* [Records supplied]:
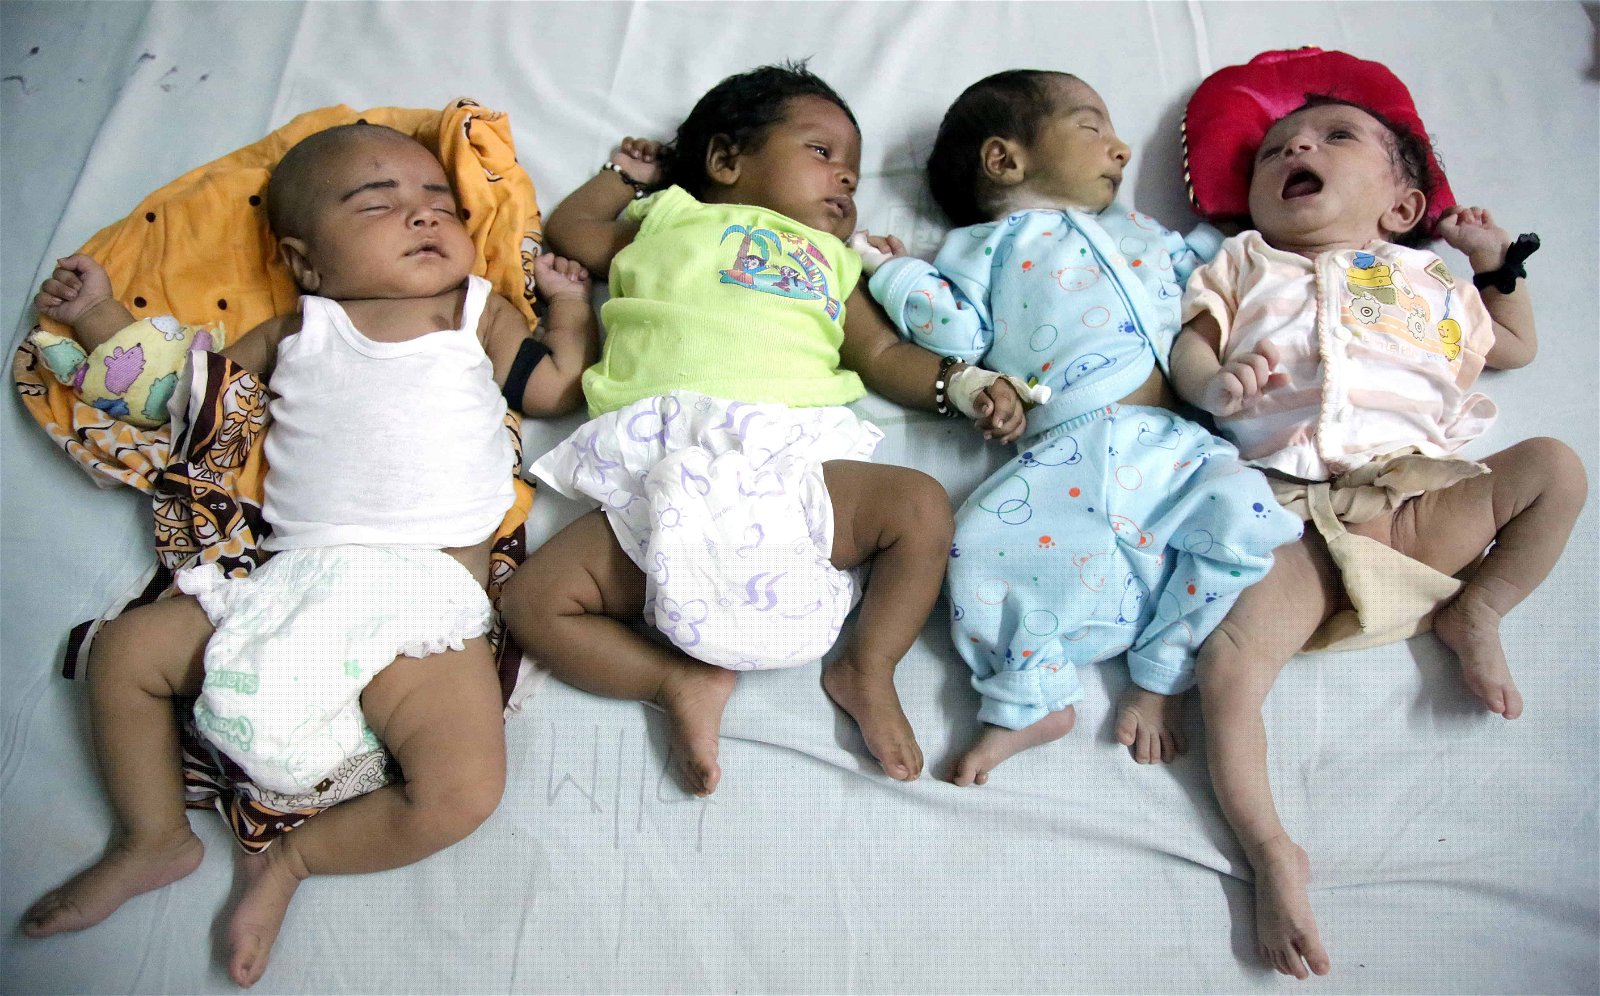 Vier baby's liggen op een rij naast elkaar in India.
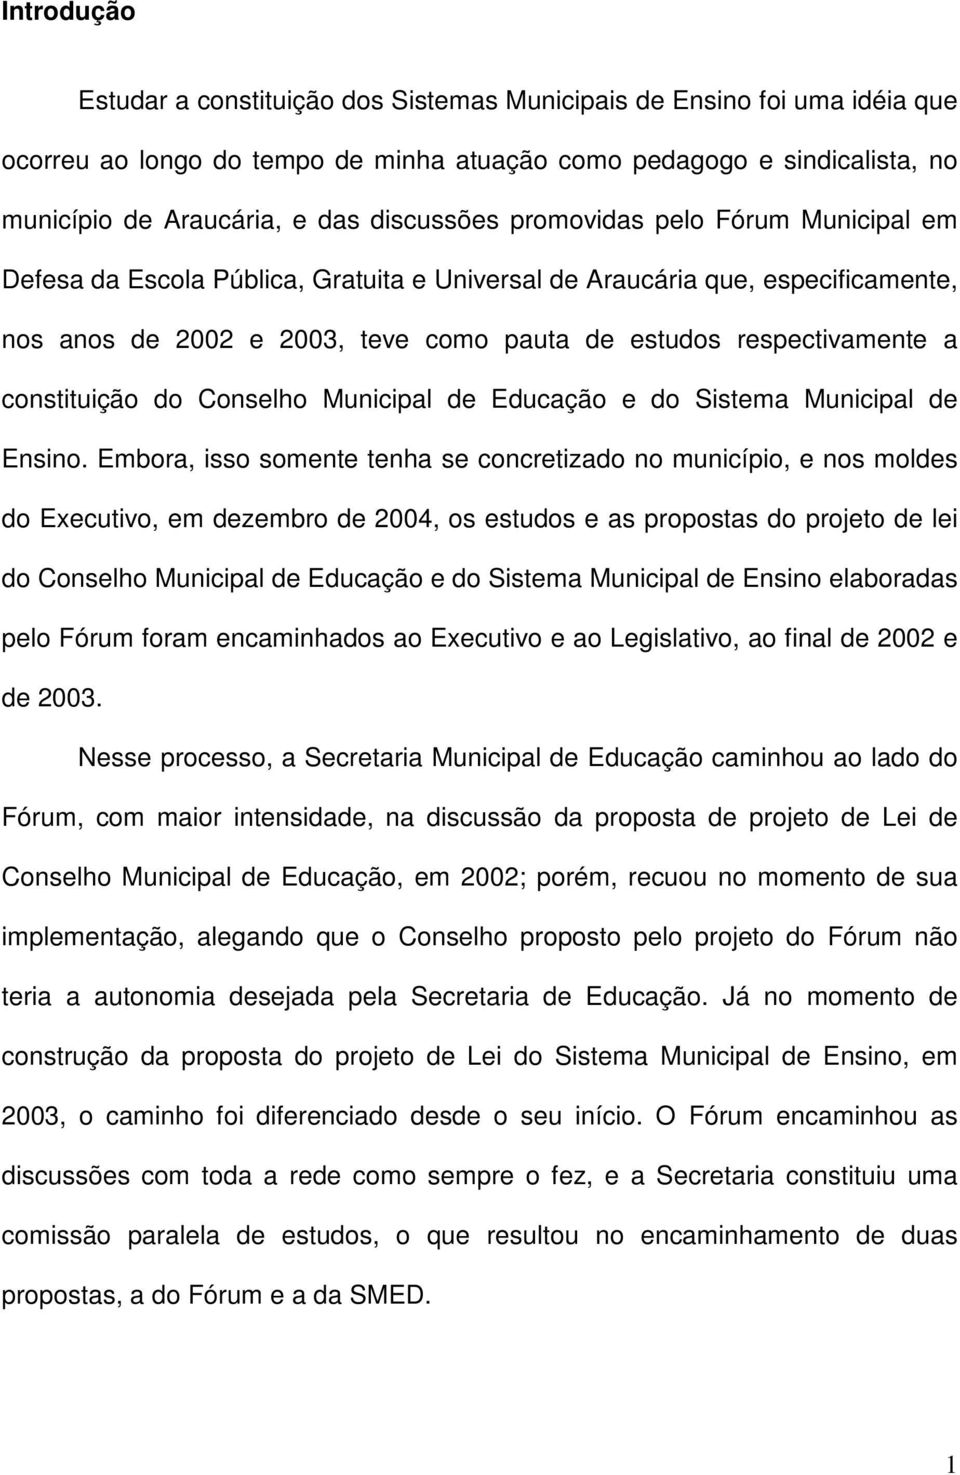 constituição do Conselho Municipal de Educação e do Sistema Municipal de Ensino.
---
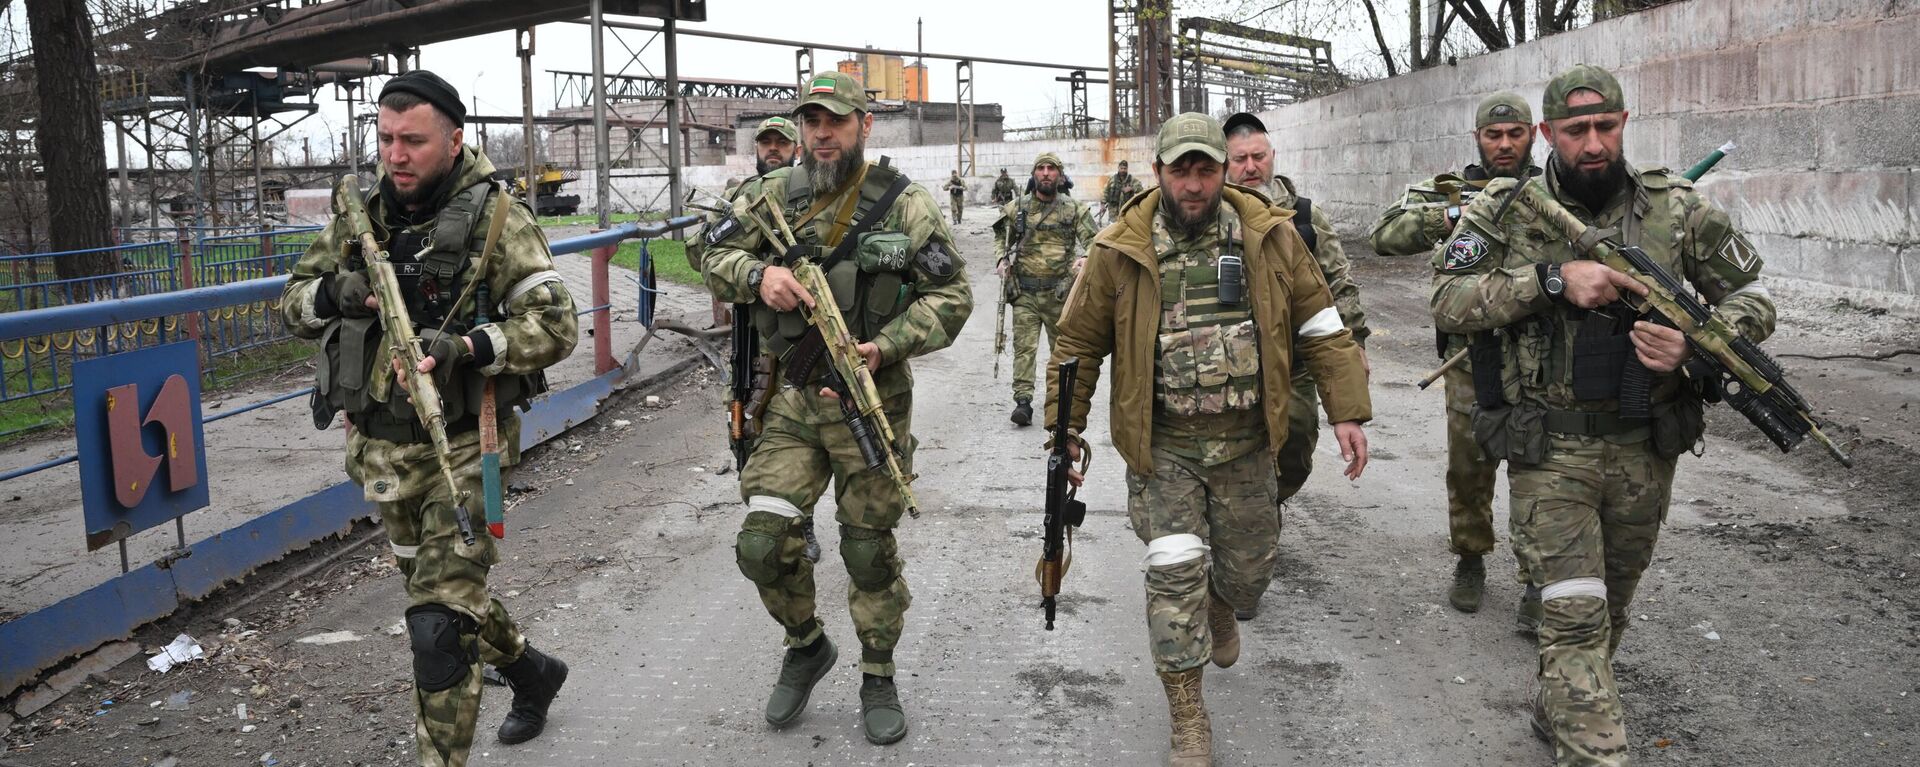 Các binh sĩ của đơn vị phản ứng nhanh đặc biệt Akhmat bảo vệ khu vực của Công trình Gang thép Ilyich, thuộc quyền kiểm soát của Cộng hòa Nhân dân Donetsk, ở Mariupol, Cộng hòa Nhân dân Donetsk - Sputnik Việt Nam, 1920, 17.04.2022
* * *
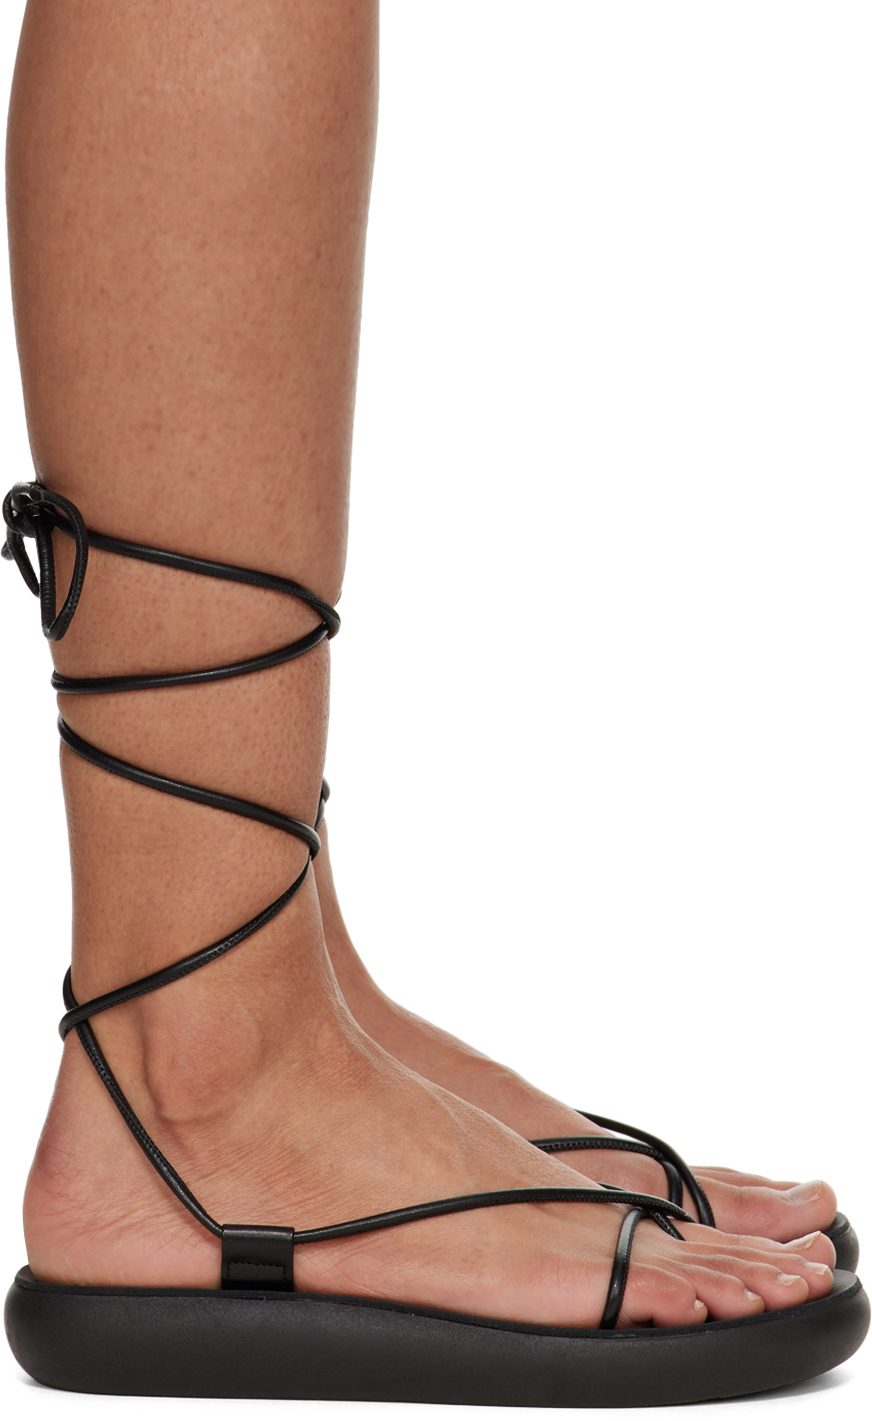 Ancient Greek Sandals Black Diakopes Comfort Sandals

* [Task]: Pictures are to be left out. Write out only the lines above starting at the one with "Vier baby's liggen" and ending at the one with "constituição do Conselho", both lines included, exactly.

* [Answer area]:
 Vier baby's liggen op een rij naast elkaar in India.
 constituição do Conselho Municipal de Educação e do Sistema Municipal de Ensino.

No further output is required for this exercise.